Entre risas, la hermana superiora, Rosa Lilia, confiesa: “Yo no creía en esas cosas, pero aquí aprendí que los alimentos sí se afectan según el estado de ánimo de quien los prepara. El ánimo, el estrés, la prisa… todo influye. Si una está muy tensa o anda corriendo, los alimentos lo resienten”. Su experiencia en la cocina le ha enseñado que no solo importa la receta, sino también la disposición interior con la que se trabaja.
Para las hermanas, estas creencias no son supersticiones aisladas, sino una forma de recordar que cocinar requiere atención, paciencia y un estado interior sereno. En su experiencia, el cuidado del corazón y del ambiente también se refleja en el resultado final, reafirmando que el trabajo en la cocina, como la oración, se vive mejor desde la paz y el cariño.

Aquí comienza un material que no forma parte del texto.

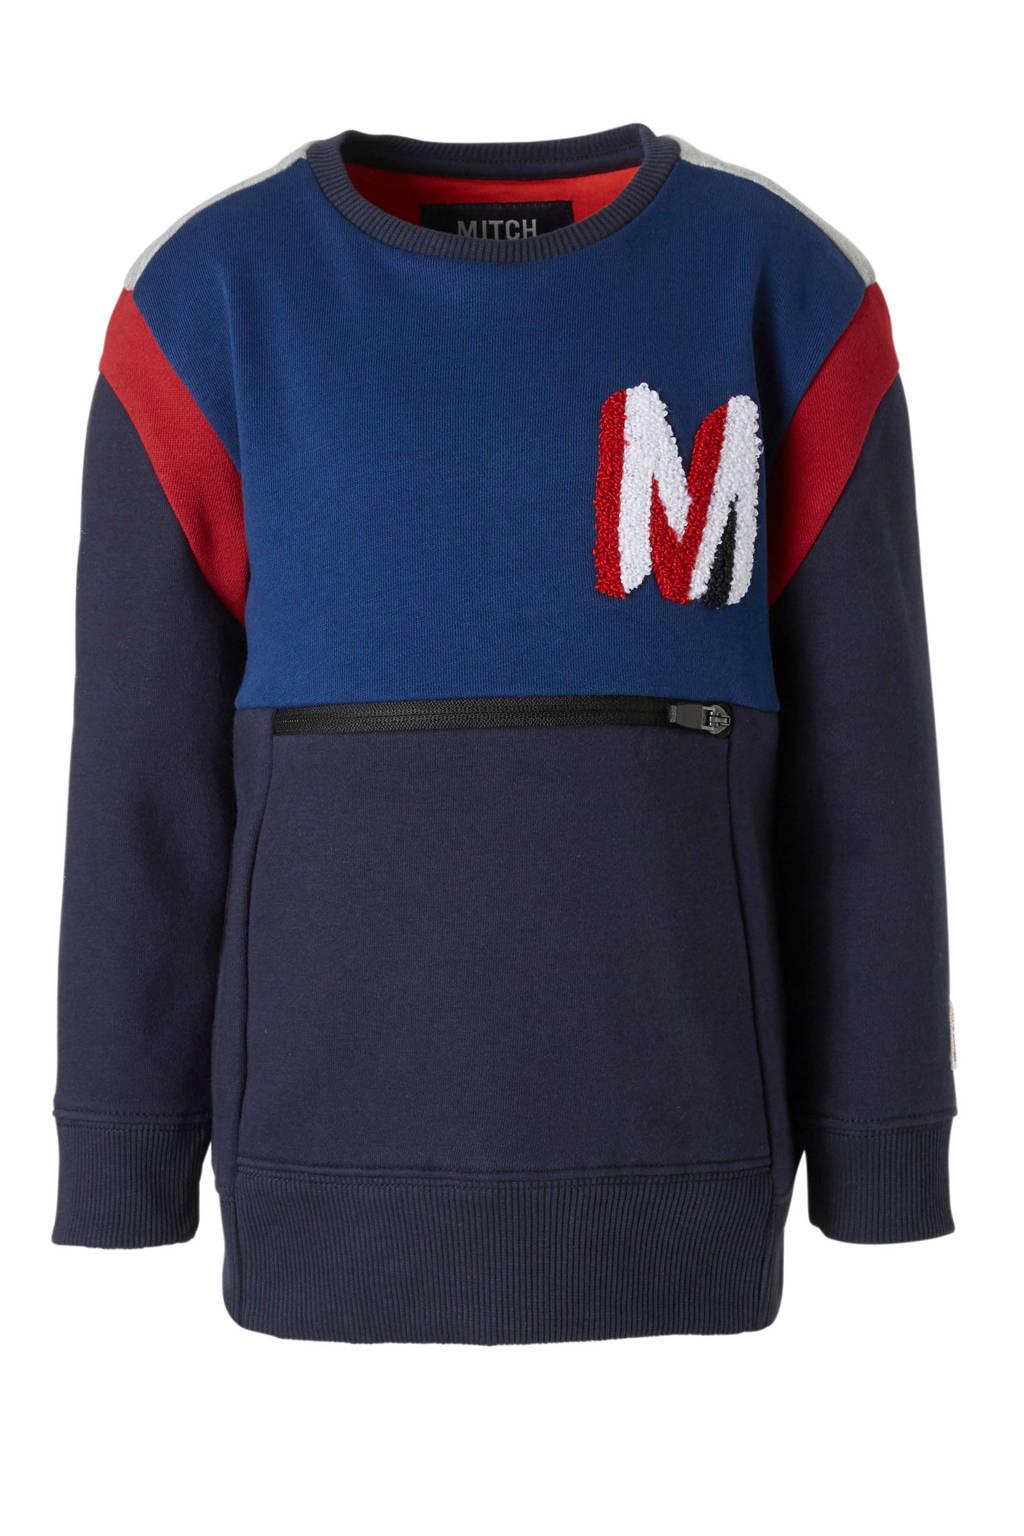 Mitch sweater Fayan blauw, Blauw/rood/grijs

Candelaria y vida consagrada: una fiesta doble
Cada 2 de febrero, cuando en México se celebra el Día de la Candelaria y la tradición invita a compartir tamales, en el monasterio la fecha adquiere un significado aún más profundo, pues también se celebra el Día de la Vida Consagrada. Para las Adoratrices, es una jornada de acción de gracias por la vocación recibida y por la fidelidad de Dios en la vida comunitaria.
Este año, la celebración tendrá un giro especial en la mesa. “No festejaremos con tamales, pero sí nos daremos un gusto. Celebraremos con paella, a ver qué tal nos queda”, dice entusiasmada la hermana Rosa Lilia, dejando ver que la alegría vocacional también se expresa en la convivencia sencilla y en la vida compartida.
Una ofrenda que va más allá de la cocina
Para ellas, el trabajo no concluye cuando los tamales están listos, porque su carisma no se reduce a la elaboración de alimentos. Cada jornada forma parte de una ofrenda que comienza mucho antes de encender el fuego de la estufa y continúa más allá de la vendimia. “Desde que nos despertamos ofrecemos todo lo que vamos a hacer: la oración, el trabajo, la vida”, explica la superiora. Así, lo que sucede en la cocina no es solo una tarea doméstica, sino una expresión concreta de su vocación.
Una de las hermanas más longevas lo resume con sencillez: “Estás sola con el Amado, el Santísimo, y todo lo que haces se vuelve oración”.
Quien prueba estos tamales recibe mucho más que alimento. Recibe el fruto de un trabajo hecho en comunidad, sostenido por la oración y cargado de sentido espiritual. En un mundo que corre deprisa, esta tradición conventual permanece como testimonio de que la fe también se vive en lo cotidiano: en la cocina, en el servicio y en una olla que hierve al ritmo de la adoración.